让我们编写模拟器代码来训练和评估我们的代理,在 TPU 上它运行 2 小时,在 CPU 上它可以运行长达 8 小时:
import tensorflow as tf
class CustomMetrics(tf.Module):
def __init__(self, name=None):
super(CustomMetrics, self).__init__(name=name)
self.total_returns = tf.Variable([], dtype=tf.float32, trainable=False, shape=tf.TensorShape(None))
self.average_returns = tf.Variable([], dtype=tf.float32, trainable=False, shape=tf.TensorShape(None))
self.sharpe_ratios = tf.Variable([], dtype=tf.float32, trainable=False, shape=tf.TensorShape(None))
self.losses = tf.Variable([], dtype=tf.float32, trainable=False, shape=tf.TensorShape(None))
def update_metrics(self, losses=None, total_return=None, average_return=None, sharpe_ratio=None):
if total_return is not None:
self.total_returns.assign(tf.concat([self.total_returns.value(), [total_return]], axis=0))
if total_return is not None:
self.average_returns.assign(tf.concat([self.average_returns.value(), [average_return]], axis=0))
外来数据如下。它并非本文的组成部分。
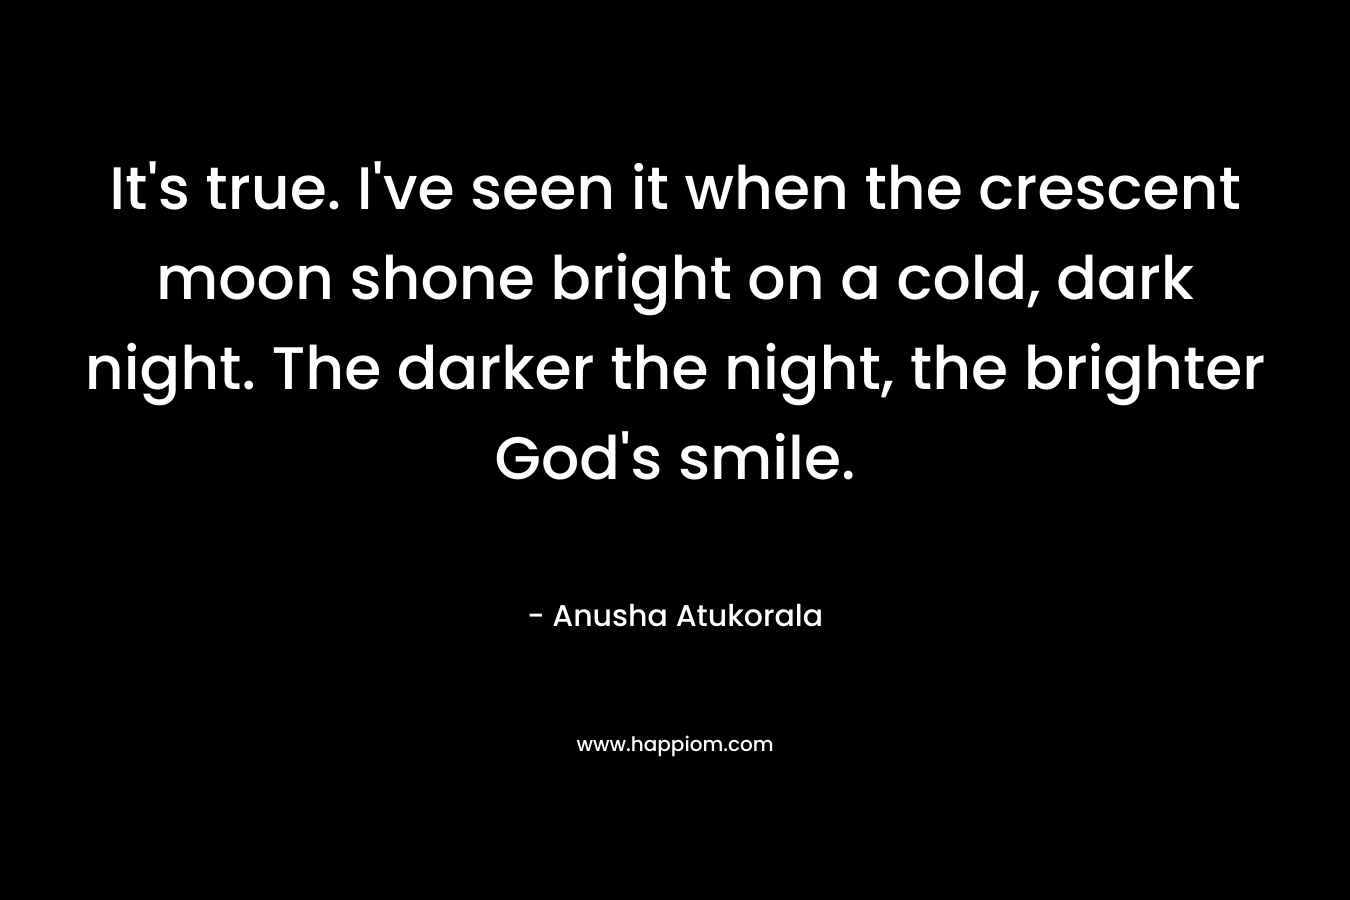 It’s true. I’ve seen it when the crescent moon shone bright on a cold, dark night. The darker the night, the brighter God’s smile. – Anusha Atukorala

if total_return is not None:
self.sharpe_ratios.assign(tf.concat([self.sharpe_ratios.value(), [sharpe_ratio]], axis=0))
if losses is not None:
self.losses.assign(tf.concat([self.losses.value(), [losses]], axis=0))
class TradingSimulator:
def __init__(self, env, eval_env, agent, episodes=TRAIN_EPISODES,
batch_size=BATCH_SIZE, num_eval_episodes=TEST_INTERVALS,
collect_steps_per_iteration=INIT_COLLECT,
replay_buffer_max_length=MEMORY_LENGTH ,
num_iterations = TOTAL_ITERS, log_interval=LOG_INTERVALS,
eval_interval=None, global_step=None):
self.py_env = env
self.env = tf_py_environment.TFPyEnvironment(self.py_env)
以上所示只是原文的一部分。